To keep the pass-through rate data clean, make sure recruiters are rejecting candidates at the proper stage and that they are careful not to move candidates back and forth between stages unintentionally. This happens more often than you’d think and causes inaccuracies, or dirty data.

Botched time-in-stage numbers

The amount of time a candidate spends in each stage of the recruiting process is your time-in-stage metric. Box looks closely at the time a candidate spends in application review, as a way to gauge how quickly its recruiters are reviewing in-bound applications.

Inaccuracies are quite common in time-in-stage metrics. One major cause is having active candidates sitting in a interview stage for a closed job. They sit in the stage indefinitely and destroy time-in-stage metrics. Luckily it’s a quick fix to clean up active candidates in closed jobs.

Skewed time-to-hire data

Your time-to-hire is the time it takes to move a candidate through the entire hiring process, from the moment a job requisition is opened to the moment it’s closed. It’s an important metric when you’re setting expectations with hiring managers, planning your recruiting capacity, and assessing how difficult it will be to fill a role. A couple of job-posting outliers can mess up the data.

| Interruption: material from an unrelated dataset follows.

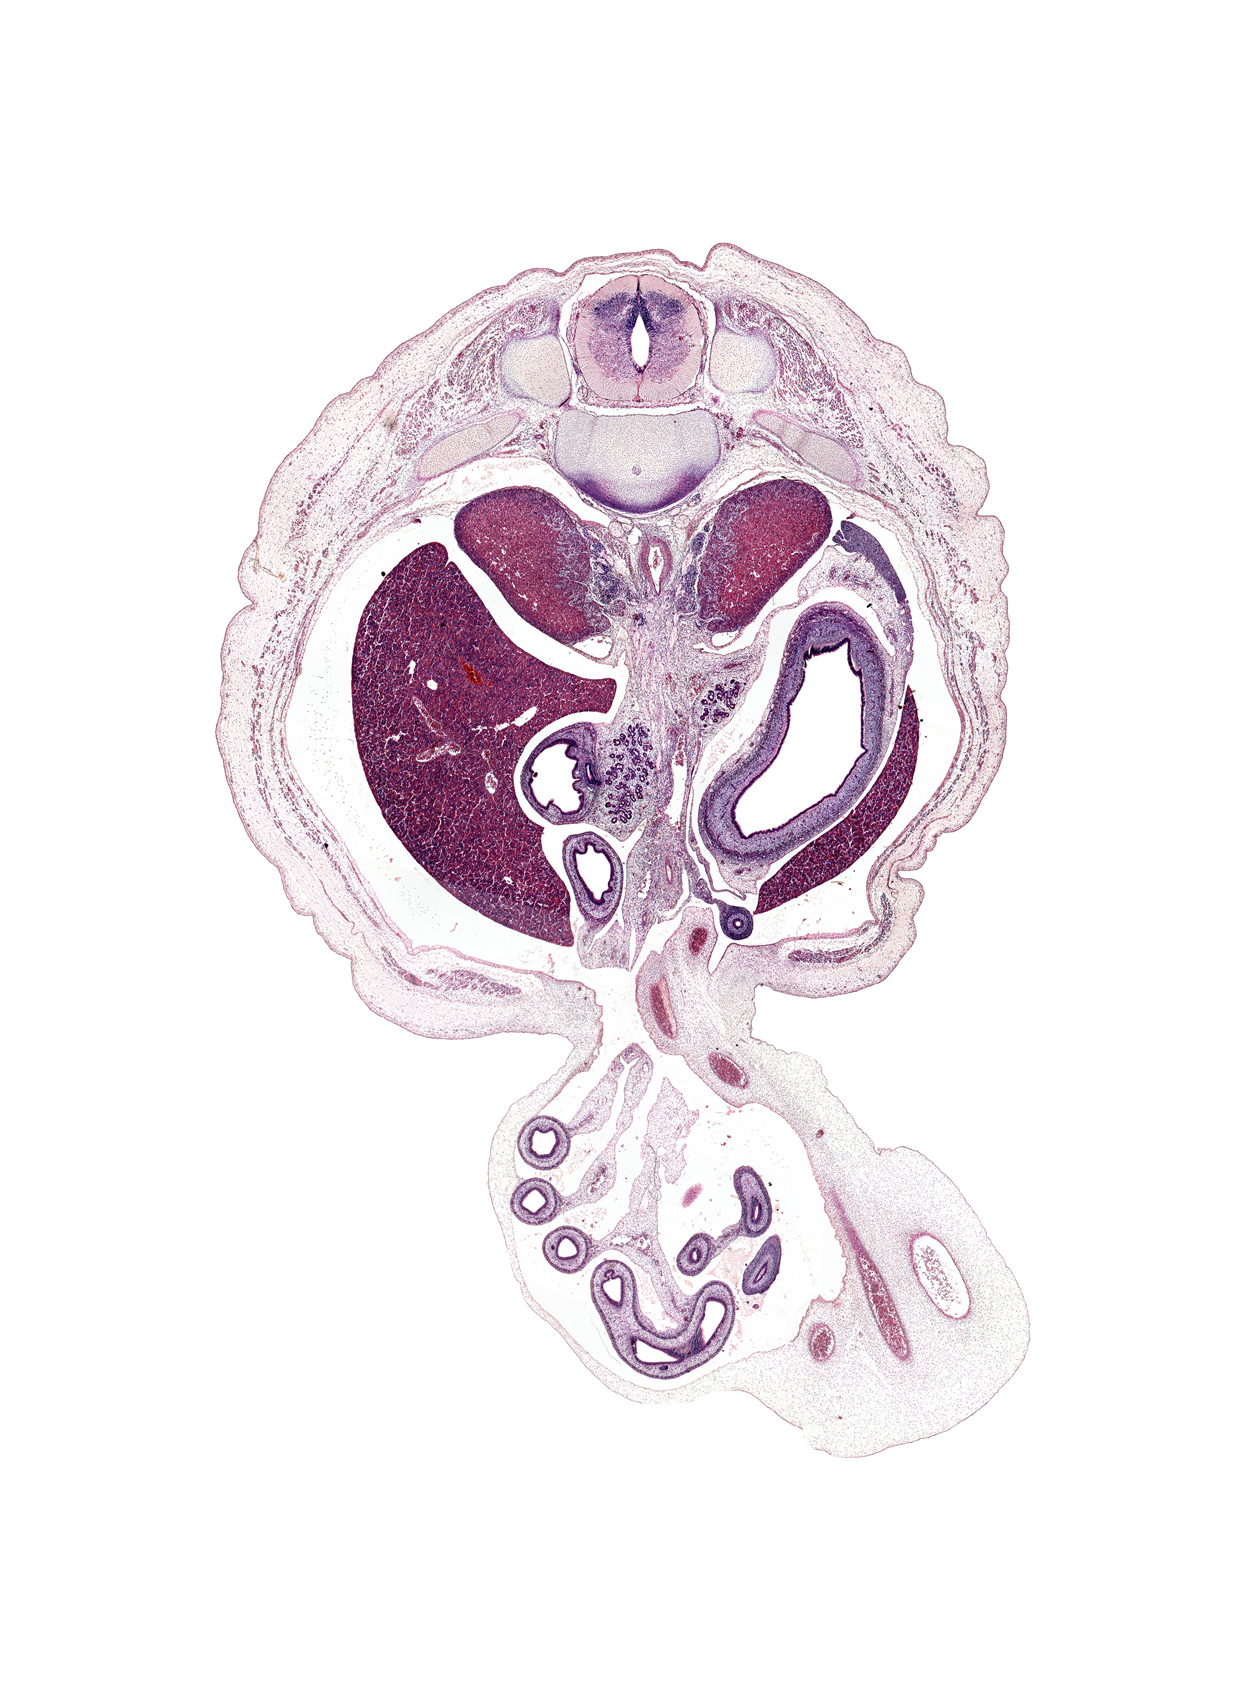 T-11 / T-12 interganglion region, T-12 / L-1 intervertebral disc, allantois, aorta, appendix, body of pancreas, body of stomach, celiac artery, distal limb of herniated midgut, distal part of duodenum, dorsal horn of grey matter, duodenum (second part), hindgut, junction of splenic and superior mesenteric veins, lateral horn of grey matter, left lobe of liver, left umbilical artery, lesser sac (omental bursa), notochord, proximal limb of herniated midgut, rib 12, right lobe of liver, right umbilical artery, spleen, superior mesenteric artery, superior mesenteric vein, tail of pancreas, umbilical coelom, umbilical vein, ventral horn of grey matter

“One-to-many” job postings are instances where you post a single job and hire multiple people against it. “Evergreen” job posts are essentially marketing tools. They’re posts that stay on the career site as a way to continuously bring in candidates for hard-to-hire roles. Both of these types of requisitions, while necessary, can cause you to overstate the time to hire and should be excluded from time-to-hire calculations.

If you watch for these pitfalls, you’ll help ensure that your data represents what’s really happening on the ground for your recruiting team.

Show Recruiters Their Data

When recruiters see their data, they begin to understand where and how the process is broken. Don’t tell them that the team’s time-in-stage numbers are bad. Show them specifics. Show them their own numbers.

“At Box, we created a report that included the time-in-application stage data for our recruiters. Some of them were really surprised their numbers were so poor, which made them very motivated to look into the issue. They quickly realized they had active candidates in closed requests, which had negatively affected their data. They’ve kept a closer eye on their work since then and the team has more accurate data for it.” – Shane Noe

Know Your Basic Metrics

On the finance team, Noe often had to speak off the cuff about business metrics to facilitate conversations in formal and informal meetings. He says that in recruiting, we should be able to do the same thing. Data should be top of mind. Knowing these key metrics will be particularly helpful:

  • Time to hire for your most scrutinized roles
  • Cost to hire by function (e.g., sales, tech, general)
  • Recruiter productivity by job role (How many roles can a recruiter fill per quarter?)
  • Recruiter bandwidth (How many roles can a recruiter search for simultaneously?)

When a leader wants to know how much it will cost to hire 10 more salespeople, how long it may take, or how many recruiters you need to get the job done, the recruiting management team can earn a lot of credibility if it has a sense of these numbers and can relay them confidently.

Get Ahead of Your Annual Planning Process

If you have clean data, you can (and should) use it to understand your team’s recruiting capacity. Having this understanding is most critical during your company’s annual planning process. Early in the process, before your corporate finance team comes up with headcount and spend targets, make sure you’ve informed them what you are capable of in the coming year with your current resources. That way, any resource gaps can be addressed up front, before targets are issued.

Good data can lead to game-changing insights, better business performance, and confidence in the recruiting management team. Bad data can lead to a loss in credibility and ultimately result in leadership making the wrong decisions. Clean processes lead to clean data, so begin at the core and understand how your recruiters operate. You’ll set yourself up for success if you do!